[Extracted records]
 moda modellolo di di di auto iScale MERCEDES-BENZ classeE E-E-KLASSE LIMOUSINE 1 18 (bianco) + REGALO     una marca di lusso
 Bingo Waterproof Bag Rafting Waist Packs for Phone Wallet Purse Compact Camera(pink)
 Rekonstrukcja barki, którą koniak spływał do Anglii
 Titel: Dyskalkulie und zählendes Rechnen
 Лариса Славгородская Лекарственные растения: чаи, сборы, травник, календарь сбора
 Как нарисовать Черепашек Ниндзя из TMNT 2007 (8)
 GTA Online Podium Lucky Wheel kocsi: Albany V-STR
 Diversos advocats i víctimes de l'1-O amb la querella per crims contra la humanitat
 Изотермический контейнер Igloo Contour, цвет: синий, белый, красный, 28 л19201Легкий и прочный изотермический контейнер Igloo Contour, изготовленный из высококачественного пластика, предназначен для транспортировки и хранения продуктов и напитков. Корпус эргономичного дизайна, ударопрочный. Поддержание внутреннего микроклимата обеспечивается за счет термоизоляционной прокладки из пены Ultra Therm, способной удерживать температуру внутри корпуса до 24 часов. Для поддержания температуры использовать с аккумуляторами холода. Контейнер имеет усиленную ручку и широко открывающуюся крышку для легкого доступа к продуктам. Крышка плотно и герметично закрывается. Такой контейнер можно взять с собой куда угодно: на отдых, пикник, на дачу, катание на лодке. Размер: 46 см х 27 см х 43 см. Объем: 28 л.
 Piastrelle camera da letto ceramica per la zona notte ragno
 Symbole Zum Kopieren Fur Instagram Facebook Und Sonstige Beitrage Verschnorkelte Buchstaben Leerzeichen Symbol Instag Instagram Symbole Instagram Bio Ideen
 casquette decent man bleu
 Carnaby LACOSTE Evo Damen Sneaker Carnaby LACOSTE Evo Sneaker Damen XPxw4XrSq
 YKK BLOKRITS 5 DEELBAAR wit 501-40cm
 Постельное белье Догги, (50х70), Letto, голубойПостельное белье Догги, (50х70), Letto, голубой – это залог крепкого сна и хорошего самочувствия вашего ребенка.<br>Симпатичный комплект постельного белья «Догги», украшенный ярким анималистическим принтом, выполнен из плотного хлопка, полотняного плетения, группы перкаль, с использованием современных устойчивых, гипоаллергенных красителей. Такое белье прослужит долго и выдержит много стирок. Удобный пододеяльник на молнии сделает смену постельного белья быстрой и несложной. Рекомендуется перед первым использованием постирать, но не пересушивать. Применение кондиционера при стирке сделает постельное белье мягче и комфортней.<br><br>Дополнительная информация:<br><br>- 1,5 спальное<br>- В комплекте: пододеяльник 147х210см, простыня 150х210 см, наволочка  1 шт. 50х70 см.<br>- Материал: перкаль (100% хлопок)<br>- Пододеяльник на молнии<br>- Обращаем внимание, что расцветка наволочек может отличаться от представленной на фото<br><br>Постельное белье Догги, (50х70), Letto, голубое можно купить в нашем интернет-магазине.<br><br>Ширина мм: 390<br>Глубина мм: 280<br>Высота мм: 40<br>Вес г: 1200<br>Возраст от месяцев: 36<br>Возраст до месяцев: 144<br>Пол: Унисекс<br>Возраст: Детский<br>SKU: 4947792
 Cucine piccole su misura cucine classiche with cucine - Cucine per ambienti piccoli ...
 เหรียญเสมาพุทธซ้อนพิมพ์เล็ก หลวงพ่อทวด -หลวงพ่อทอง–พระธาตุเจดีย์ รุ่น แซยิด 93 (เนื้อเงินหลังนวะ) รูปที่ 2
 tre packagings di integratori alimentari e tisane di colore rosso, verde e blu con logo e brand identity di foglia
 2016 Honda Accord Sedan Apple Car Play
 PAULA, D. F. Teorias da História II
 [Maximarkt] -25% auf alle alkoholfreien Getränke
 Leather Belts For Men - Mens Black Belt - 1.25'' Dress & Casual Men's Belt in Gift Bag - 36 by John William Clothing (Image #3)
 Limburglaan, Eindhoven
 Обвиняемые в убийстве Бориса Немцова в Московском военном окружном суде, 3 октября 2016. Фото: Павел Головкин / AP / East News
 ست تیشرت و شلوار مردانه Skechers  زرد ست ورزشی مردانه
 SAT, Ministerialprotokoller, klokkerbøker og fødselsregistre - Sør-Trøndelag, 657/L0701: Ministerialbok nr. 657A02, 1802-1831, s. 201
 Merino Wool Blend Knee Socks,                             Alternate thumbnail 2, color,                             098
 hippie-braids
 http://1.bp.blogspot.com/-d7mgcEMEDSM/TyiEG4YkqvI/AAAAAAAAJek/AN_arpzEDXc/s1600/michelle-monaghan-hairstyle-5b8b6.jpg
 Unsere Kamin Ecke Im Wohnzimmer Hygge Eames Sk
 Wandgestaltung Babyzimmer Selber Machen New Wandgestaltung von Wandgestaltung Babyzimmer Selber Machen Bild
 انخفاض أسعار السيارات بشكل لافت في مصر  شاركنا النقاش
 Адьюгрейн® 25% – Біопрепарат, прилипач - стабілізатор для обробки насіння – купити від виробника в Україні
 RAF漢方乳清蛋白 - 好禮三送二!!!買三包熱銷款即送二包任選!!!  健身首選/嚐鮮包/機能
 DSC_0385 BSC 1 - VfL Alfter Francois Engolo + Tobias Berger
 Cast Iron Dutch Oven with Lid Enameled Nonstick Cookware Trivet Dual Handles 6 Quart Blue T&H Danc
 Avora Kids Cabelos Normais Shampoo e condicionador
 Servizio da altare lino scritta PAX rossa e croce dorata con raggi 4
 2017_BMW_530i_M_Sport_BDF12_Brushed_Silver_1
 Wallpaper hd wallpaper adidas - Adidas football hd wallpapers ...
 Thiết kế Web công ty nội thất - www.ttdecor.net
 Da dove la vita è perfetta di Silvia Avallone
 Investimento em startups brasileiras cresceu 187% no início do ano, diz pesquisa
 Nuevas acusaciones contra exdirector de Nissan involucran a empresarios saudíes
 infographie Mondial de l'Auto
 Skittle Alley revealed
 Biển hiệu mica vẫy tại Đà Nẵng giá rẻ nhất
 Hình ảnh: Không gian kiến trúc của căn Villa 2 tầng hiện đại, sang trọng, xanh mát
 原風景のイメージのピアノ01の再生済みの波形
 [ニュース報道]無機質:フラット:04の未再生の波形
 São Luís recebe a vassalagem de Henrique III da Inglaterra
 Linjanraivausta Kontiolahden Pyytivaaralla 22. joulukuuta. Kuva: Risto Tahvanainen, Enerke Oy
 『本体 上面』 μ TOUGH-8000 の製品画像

TASK STATEMENT: Write each record above out again exactly as it reads.

RESPONSE FOR THIS EXERCISE:
 moda modellolo di di di auto iScale MERCEDES-BENZ classeE E-E-KLASSE LIMOUSINE 1 18 (bianco) + REGALO     una marca di lusso
 Bingo Waterproof Bag Rafting Waist Packs for Phone Wallet Purse Compact Camera(pink)
 Rekonstrukcja barki, którą koniak spływał do Anglii
 Titel: Dyskalkulie und zählendes Rechnen
 Лариса Славгородская Лекарственные растения: чаи, сборы, травник, календарь сбора
 Как нарисовать Черепашек Ниндзя из TMNT 2007 (8)
 GTA Online Podium Lucky Wheel kocsi: Albany V-STR
 Diversos advocats i víctimes de l'1-O amb la querella per crims contra la humanitat
 Изотермический контейнер Igloo Contour, цвет: синий, белый, красный, 28 л19201Легкий и прочный изотермический контейнер Igloo Contour, изготовленный из высококачественного пластика, предназначен для транспортировки и хранения продуктов и напитков. Корпус эргономичного дизайна, ударопрочный. Поддержание внутреннего микроклимата обеспечивается за счет термоизоляционной прокладки из пены Ultra Therm, способной удерживать температуру внутри корпуса до 24 часов. Для поддержания температуры использовать с аккумуляторами холода. Контейнер имеет усиленную ручку и широко открывающуюся крышку для легкого доступа к продуктам. Крышка плотно и герметично закрывается. Такой контейнер можно взять с собой куда угодно: на отдых, пикник, на дачу, катание на лодке. Размер: 46 см х 27 см х 43 см. Объем: 28 л.
 Piastrelle camera da letto ceramica per la zona notte ragno
 Symbole Zum Kopieren Fur Instagram Facebook Und Sonstige Beitrage Verschnorkelte Buchstaben Leerzeichen Symbol Instag Instagram Symbole Instagram Bio Ideen
 casquette decent man bleu
 Carnaby LACOSTE Evo Damen Sneaker Carnaby LACOSTE Evo Sneaker Damen XPxw4XrSq
 YKK BLOKRITS 5 DEELBAAR wit 501-40cm
 Постельное белье Догги, (50х70), Letto, голубойПостельное белье Догги, (50х70), Letto, голубой – это залог крепкого сна и хорошего самочувствия вашего ребенка.<br>Симпатичный комплект постельного белья «Догги», украшенный ярким анималистическим принтом, выполнен из плотного хлопка, полотняного плетения, группы перкаль, с использованием современных устойчивых, гипоаллергенных красителей. Такое белье прослужит долго и выдержит много стирок. Удобный пододеяльник на молнии сделает смену постельного белья быстрой и несложной. Рекомендуется перед первым использованием постирать, но не пересушивать. Применение кондиционера при стирке сделает постельное белье мягче и комфортней.<br><br>Дополнительная информация:<br><br>- 1,5 спальное<br>- В комплекте: пододеяльник 147х210см, простыня 150х210 см, наволочка  1 шт. 50х70 см.<br>- Материал: перкаль (100% хлопок)<br>- Пододеяльник на молнии<br>- Обращаем внимание, что расцветка наволочек может отличаться от представленной на фото<br><br>Постельное белье Догги, (50х70), Letto, голубое можно купить в нашем интернет-магазине.<br><br>Ширина мм: 390<br>Глубина мм: 280<br>Высота мм: 40<br>Вес г: 1200<br>Возраст от месяцев: 36<br>Возраст до месяцев: 144<br>Пол: Унисекс<br>Возраст: Детский<br>SKU: 4947792
 Cucine piccole su misura cucine classiche with cucine - Cucine per ambienti piccoli ...
 เหรียญเสมาพุทธซ้อนพิมพ์เล็ก หลวงพ่อทวด -หลวงพ่อทอง–พระธาตุเจดีย์ รุ่น แซยิด 93 (เนื้อเงินหลังนวะ) รูปที่ 2
 tre packagings di integratori alimentari e tisane di colore rosso, verde e blu con logo e brand identity di foglia
 2016 Honda Accord Sedan Apple Car Play
 PAULA, D. F. Teorias da História II
 [Maximarkt] -25% auf alle alkoholfreien Getränke
 Leather Belts For Men - Mens Black Belt - 1.25'' Dress & Casual Men's Belt in Gift Bag - 36 by John William Clothing (Image #3)
 Limburglaan, Eindhoven
 Обвиняемые в убийстве Бориса Немцова в Московском военном окружном суде, 3 октября 2016. Фото: Павел Головкин / AP / East News
 ست تیشرت و شلوار مردانه Skechers  زرد ست ورزشی مردانه
 SAT, Ministerialprotokoller, klokkerbøker og fødselsregistre - Sør-Trøndelag, 657/L0701: Ministerialbok nr. 657A02, 1802-1831, s. 201
 Merino Wool Blend Knee Socks,                             Alternate thumbnail 2, color,                             098
 hippie-braids
 http://1.bp.blogspot.com/-d7mgcEMEDSM/TyiEG4YkqvI/AAAAAAAAJek/AN_arpzEDXc/s1600/michelle-monaghan-hairstyle-5b8b6.jpg
 Unsere Kamin Ecke Im Wohnzimmer Hygge Eames Sk
 Wandgestaltung Babyzimmer Selber Machen New Wandgestaltung von Wandgestaltung Babyzimmer Selber Machen Bild
 انخفاض أسعار السيارات بشكل لافت في مصر  شاركنا النقاش
 Адьюгрейн® 25% – Біопрепарат, прилипач - стабілізатор для обробки насіння – купити від виробника в Україні
 RAF漢方乳清蛋白 - 好禮三送二!!!買三包熱銷款即送二包任選!!!  健身首選/嚐鮮包/機能
 DSC_0385 BSC 1 - VfL Alfter Francois Engolo + Tobias Berger
 Cast Iron Dutch Oven with Lid Enameled Nonstick Cookware Trivet Dual Handles 6 Quart Blue T&H Danc
 Avora Kids Cabelos Normais Shampoo e condicionador
 Servizio da altare lino scritta PAX rossa e croce dorata con raggi 4
 2017_BMW_530i_M_Sport_BDF12_Brushed_Silver_1
 Wallpaper hd wallpaper adidas - Adidas football hd wallpapers ...
 Thiết kế Web công ty nội thất - www.ttdecor.net
 Da dove la vita è perfetta di Silvia Avallone
 Investimento em startups brasileiras cresceu 187% no início do ano, diz pesquisa
 Nuevas acusaciones contra exdirector de Nissan involucran a empresarios saudíes
 infographie Mondial de l'Auto
 Skittle Alley revealed
 Biển hiệu mica vẫy tại Đà Nẵng giá rẻ nhất
 Hình ảnh: Không gian kiến trúc của căn Villa 2 tầng hiện đại, sang trọng, xanh mát
 原風景のイメージのピアノ01の再生済みの波形
 [ニュース報道]無機質:フラット:04の未再生の波形
 São Luís recebe a vassalagem de Henrique III da Inglaterra
 Linjanraivausta Kontiolahden Pyytivaaralla 22. joulukuuta. Kuva: Risto Tahvanainen, Enerke Oy
 『本体 上面』 μ TOUGH-8000 の製品画像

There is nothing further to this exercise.